2012/12/12 Andrew Beekhof <abeekhof@xxxxxxxxxx>:
>
> On 12/12/2012, at 7:53 PM, Jan Friesse <jfriesse@xxxxxxxxxx> wrote:
>
>> Stephan,
>> patch "Move qb_loop creation after daemonization" should fix start in
>> daemon mode. Other questions are really no longer corosync related, so
>> it is probably good idea to try LibQB and/or Pacemaker mailing list.
>>
>> Actually, QB_IPC_SHM is NOT supported by LibQB on NetBSD (only socket
>> is). It's also good idea to use QB_IPC_NATIVE (CC'ing Andrew).
>
> Thats easily changed at runtime with an environment variable.
> look for mcp/pacemaker.sysconfig in the source tree
>
>>
>> But actually, situation is little harder, because QB_IPC_SOCKET deadlock
>> (often and very reproducible, not only on NetBSD, but also on Linux).

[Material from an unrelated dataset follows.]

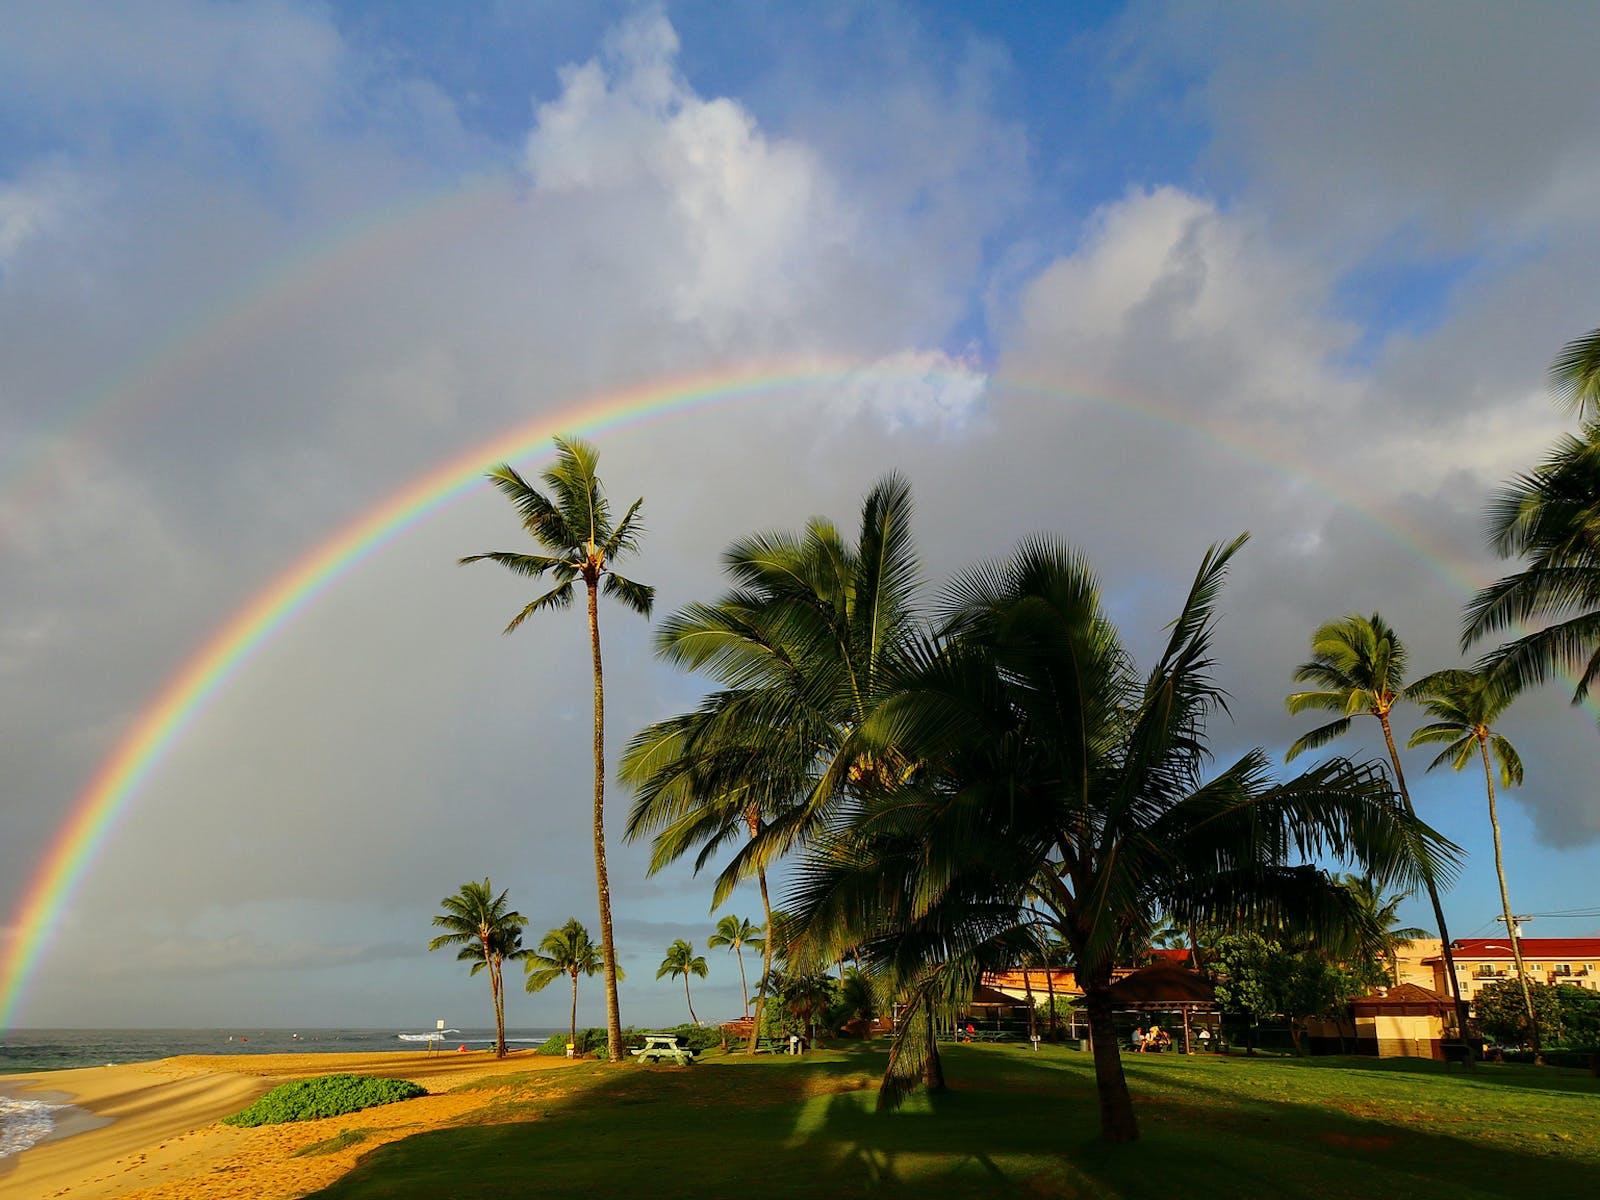 a rainbow shining above the beach and palm trees in Kauai

>> I've created ticket in github.
>>
>> Regards,
>>  Honza
>>
>> Stephan napsal(a):
>>> lrmd fails here:
>>>
>>> mainloop_add_ipc_server(CRM_SYSTEM_LRMD, QB_IPC_SHM, &lrmd_ipc_callbacks);
>>>
>>>
>>> Calling the following function from /lib/common/mainloop.c
>>> -------8<--------
>>> qb_ipcs_service_t *mainloop_add_ipc_server(
>>>    const char *name, enum qb_ipc_type type, struct
>>> qb_ipcs_service_handlers *callbacks)
>>> {
>>>    int rc = 0;
>>>    qb_ipcs_service_t* server = NULL;
>>>
>>>    if(gio_map == NULL) {
>>>        gio_map = qb_array_create_2(64, sizeof(struct gio_to_qb_poll), 1);
>>>    }
>>>
>>>    server = qb_ipcs_create(name, 0, pick_ipc_type(type), callbacks);
>>>    qb_ipcs_poll_handlers_set(server, &gio_poll_funcs);
>>>
>>>    rc = qb_ipcs_run(server);
>>>    if (rc < 0) {
>>>        crm_err("Could not start %s IPC server: %s (%d)", name,
>>> strerror(rc), rc);
>>>        return NULL;
>>>    }
>>>
>>>    return server;
>>> }
>>>
>>> --------------------------
>>>
>>> I think a shared memory region should be created using libqb. Is this
>>> known to work on BSD systems?
>>>
>>>
>>> 2012/12/11 Stephan <stephanwib@xxxxxxxxxxxxxx>:
>>>> Yes, kqueues are not inherited. I recompiled and installed pacemaker
>>>> 1.1 for corosync 2.x. It doesn´t yet work (I just started pacemakerd..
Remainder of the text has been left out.